A single RtpReciever can be configured to receive a simulcast stream (i.e. receives from potentially multiple stream sources but one one is received and rendered at a time from the RtpReceiver which outputs a single Media Stream Track).
When an RtpReceiver is configured for simulcasting certain configurations can lead to a rapid switch from one RtpSender's stream to another and then back which can be confusing to a receiver on how to demux the RTP packets properly.
The difference from scenario A and B are difficult to determine from an engine perspective. Are the packets arriving on the original SSRC 5 because of a switch back to 5 or because they were late to arrive? Also, if SSRC 5 had some late packets arriving and the switch to SSRC 6 occurred then the remaining SSRC 5 packets would get clipped (potentially cutting the end of an audio stream slightly short).
(a) Have a set of timing rules that can be applied to determine scenario A versus B to resolve the ambiguity.
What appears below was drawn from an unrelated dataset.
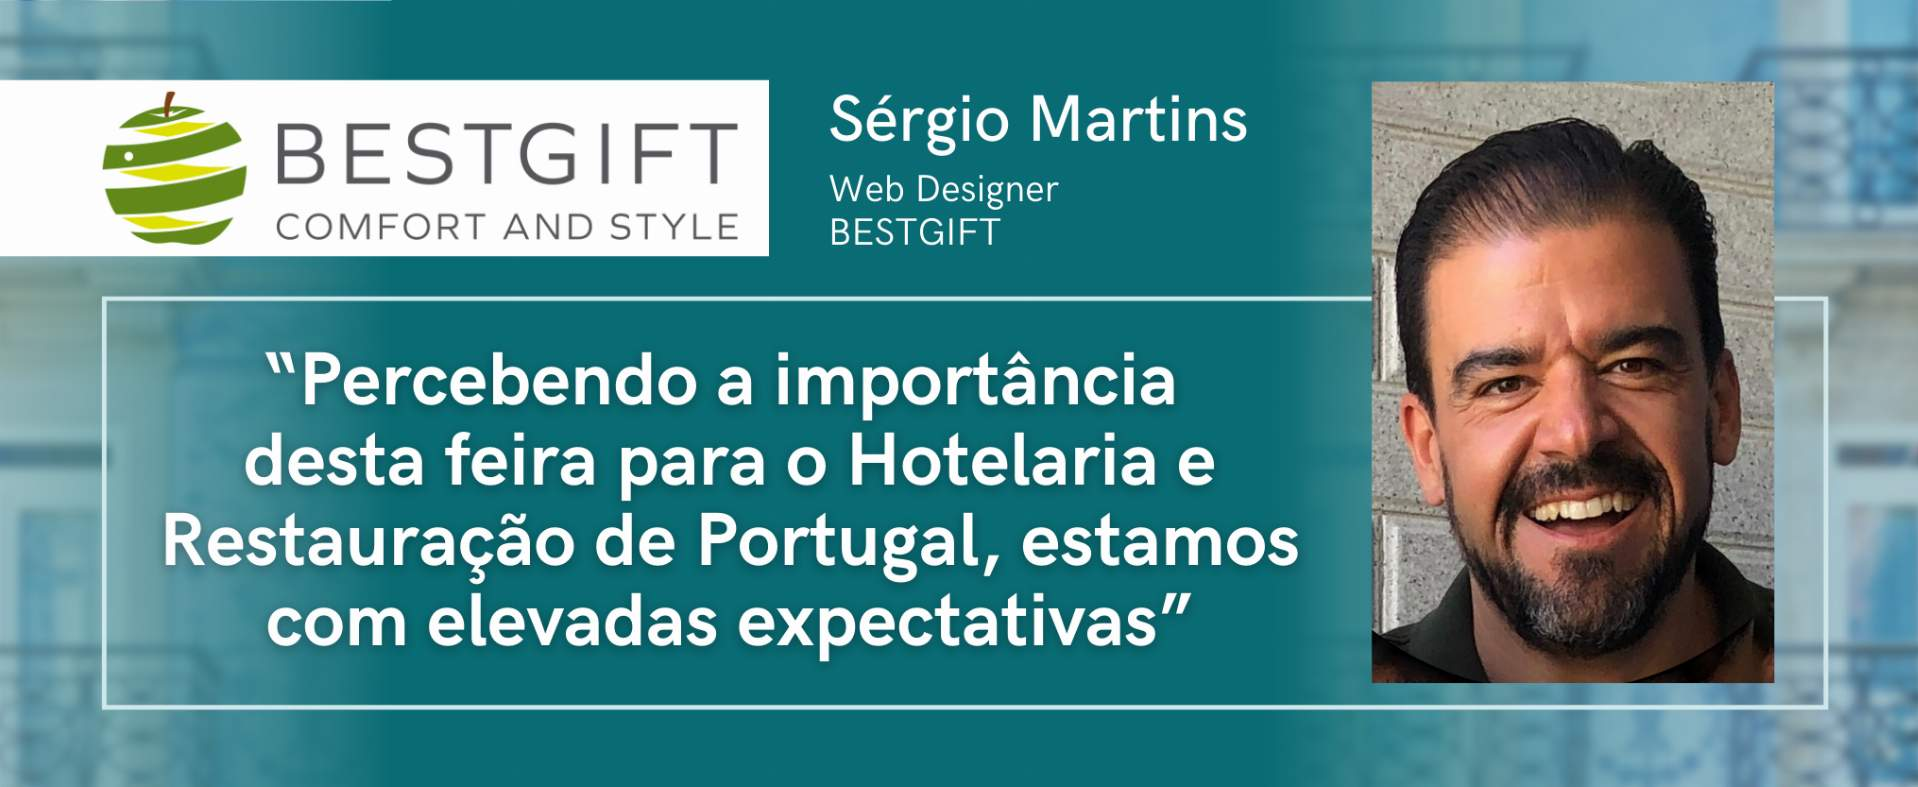 Bestgift: "Knowing the importance that this fair has for the Hotel and Restaurant Industry in Portugal, we have high expectations".

(b) Render in two (or more) hidden RtpReceivers with individual tracks being output from each where the simulcast RtpReceiver is the rendered output of the combined audio for audio and the active video for video.
(c) Do not allow simulcasting and require separate RtpReceivers where the Media Stream Tracks indicate their activity (active/inactive) state allowing switching from an application between the streams (as well as sending all audio to render so that it doesn't matter which stream is output).
(d) Do a simple method of "last packet wins" and watch the jitter happen :)
Personally, I think (c) must always be an option to the programmer if they prefer to switch to active Media Stream Tracks manually in the application layer thus I don't see dropping support for simulcast in the RtpReceiver as advantageous, which eliminates (c) as the "solution" for me. I assume that Media Stream Track already has the ability to fire an "active / inactive" state to know when a stream is actively receiving or has become inactive [sending party has stopped transmitting](but I've not verified this is actually true or not that such an event exists).
I don't like (d) because I think the user experience will be bad.
I think (b) is a lot of additional work for a marginal improvement in rendering where (c) could already be used if an application programmer cared about those marginal improvements.
That leaves (a) for me. The question is what set of rules / timings would need to be used?
[cross posting to ortc list so please reply on the list]
For WebRTC 1.0, simulcast functionality has been restricted to the situation where an RtpSender sends multiple streams, but the RtpReceiver only receives a single stream. The assumption is that the SFU receives multiple simulcast streams from participants and selects between the simulcast streams, providing the receiver with a single stream that switches resolutions and/or frame rates based on SFU switching decisions. To date, my understanding is that SFUs supporting the interoperable WebRTC video codecs (e.g. VP8, VP9, H.264/AVC) all support this model.
Non-support for simulcast reception and SVC codecs with MRST
Fix for Issue #175
@robin-raymond In practice, support for RFC 6051 is often used to align the timestamps of the received streams. This allows the receiver to distinguish Scenarios A and B. The other (codec-specific) way that the streams can be aligned is through the Decoding Order Number (DON) field in H.264/SVC.
Without RFC 6051 or DON, heuristics can be used, but this will be prone to error. For example, the implementation could switch from SSRC 5 to SSRC 6 and assume that the last received SSRC 5 timestamp represents the switching point. However, if delayed packets subsequently arrive on SSRC 5 they might need to be thrown away. Whereas with RFC 6051, the implementation might realize that there is a gap between the last received packets in SSRC 5 and the newly receive packets in SSRC 6, and wait for that gap to be filled in by late arriving SSRC 5 packets.
ORTC Lib solved this internally and locks onto the latest active stream and obsolete packets do not causes switching.
ORTC Lib does a mixture of a) and b).
TODO: add a spec note to the spec to describe how to be a good implementation and handle this... 6051 is great if possible but a) and b) can be done in that absence.
Edge supports the H.264/SVC DON field to help line up the received multiple streams without support for RFC 6051 rapid sync, but that is a codec-specific approach (e.g. no equivalent of DON in VP8/VP9).
Simulcasting to RtpReceiver and switched stream rapid switches and cl…
Fix for Issue #175
Fixed with note that RFC6051 was not used in any implementation and added note how ORTC Lib handles this particular case as an example.